Asked if the expansion would have happened in the same way had it not been for Ferrari’s need to cut costs, Steiner answers, “I cannot say if the expansion would have happened the same – because it didn’t happen.
“It could have been that we took more people on our own. It was always our plan to at some stage to grow our own capabilities. So maybe it wouldn’t have been to the extent what it is now or it would have taken longer to get to this extent maybe.”
According to Steiner, there have been “30-35 additions” from the Scuderia as part of the restructuring.
“This has been the first year in the Haas team’s history with a proper design office,” says Resta. “Because before everything was really dealt directly by the Dallara engineers [overseen by Taylor].
“The organisation has changed quite a bit, the people involved, the process we’ve been following etc. So a lot of that has been part of the initial work in preparation – and then we focused on the project of the new car.
“The preparation work done here in Maranello has been organising the new office, absorbing some of the tasks and duties that were done before by Dallara. It’s a pretty big change.”
Bringing together the aero and design departments into that Maranello group has been key.
“There is still sizeable support from Dallara in Varano,” says Resta. “They remain a key partner.
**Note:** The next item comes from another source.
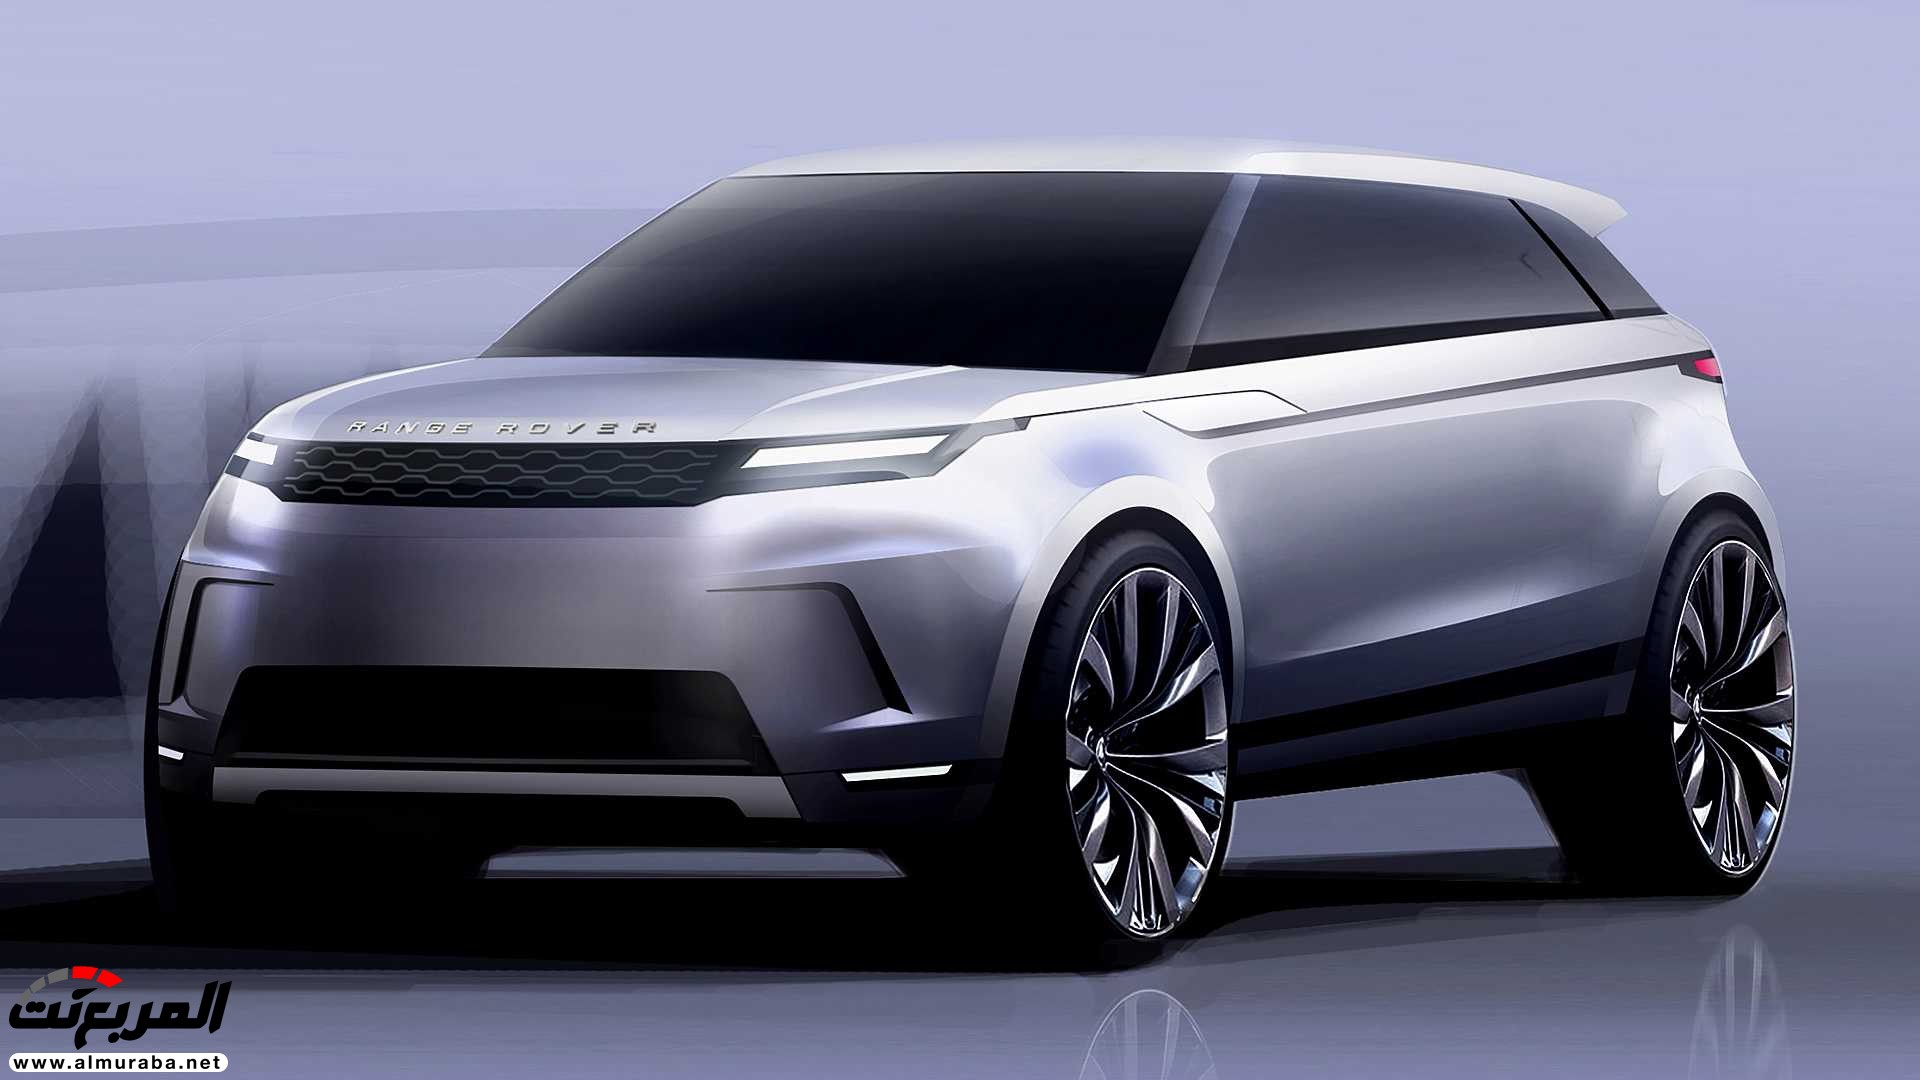 اهم 7 معلومات عن رنج روفر ايفوك 2020 الجديدة كلياً Range Rover Evoque 86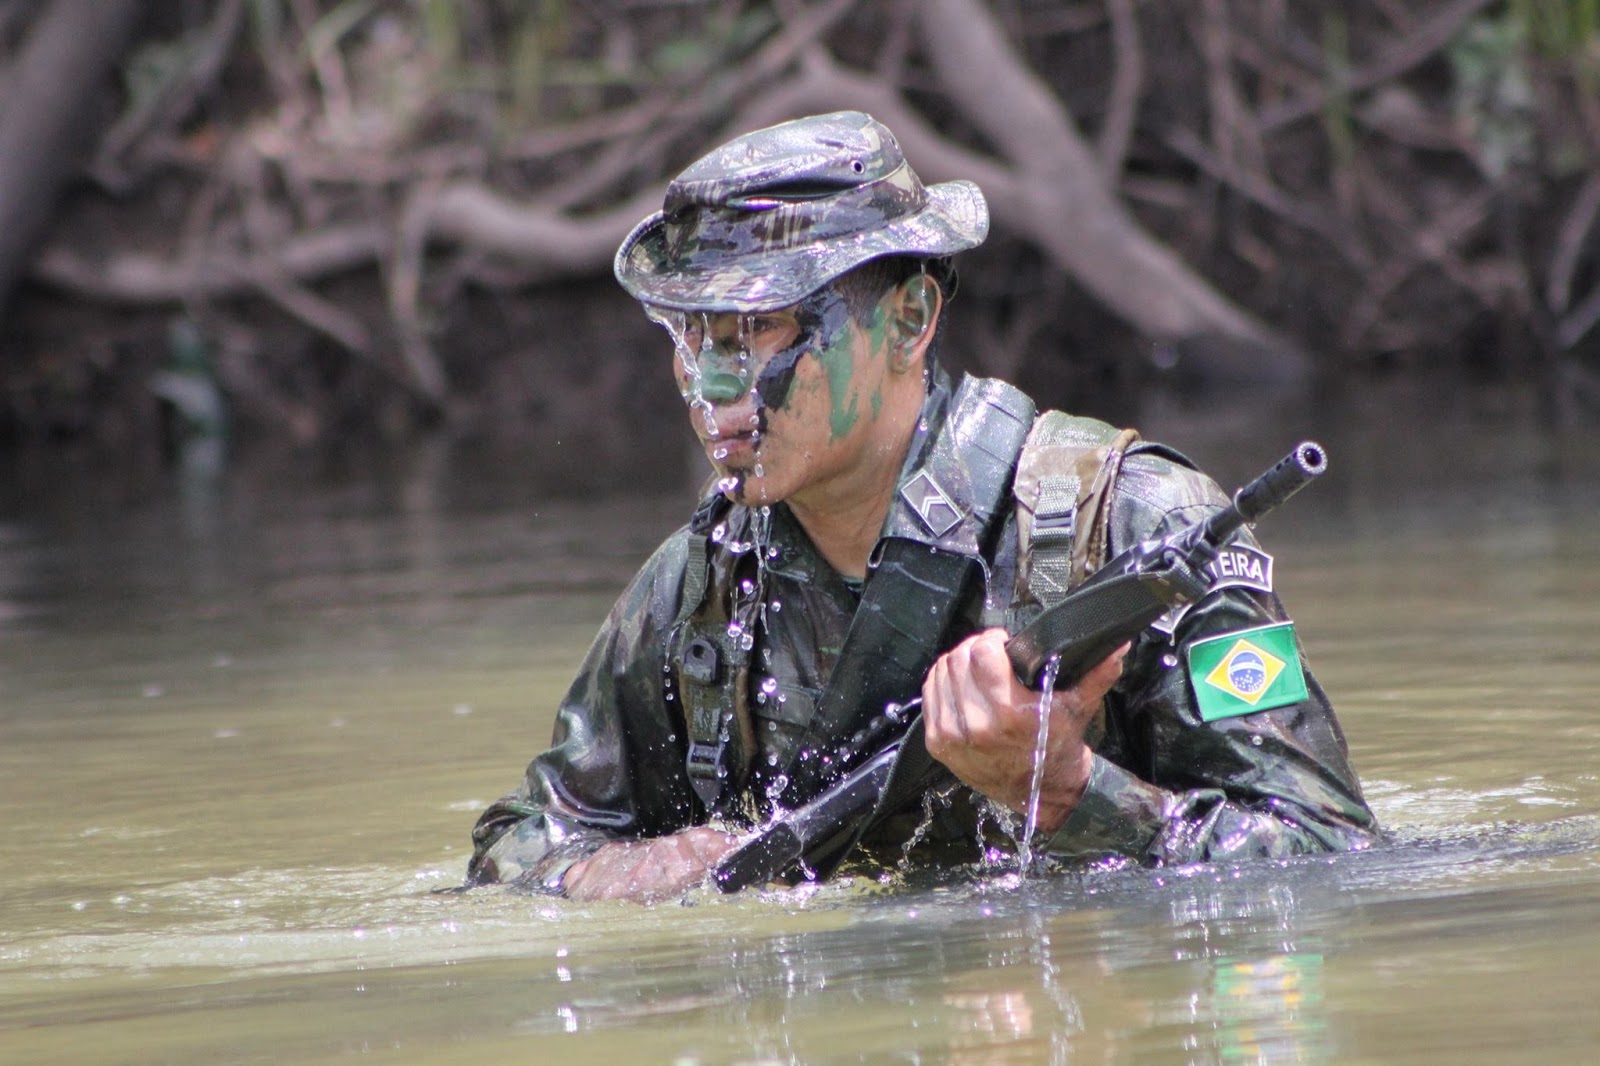 Brasil deve exigir contrapartida por exercícios militares dos EUA na  Amazônia, diz analista

Then there is our engineering section in Banbury that is concentrated [as before] mainly on race engineering, vehicle performance, electronics, control systems, and the operational parts – strategies, etc.”
After two desolate seasons at the back of the grid, it’s easy to forget that not so long ago Haas was vying to be fastest of the rest after the big two.
Its pace was so impressive at times in 2018 that serious complaints were being voiced by other teams that the model was too close to that of a Ferrari B-team. The regulations regarding that have shifted slightly but the new structure has, if anything, only made those links closer. How controversial that is will likely be determined by how fast the VF-22 is.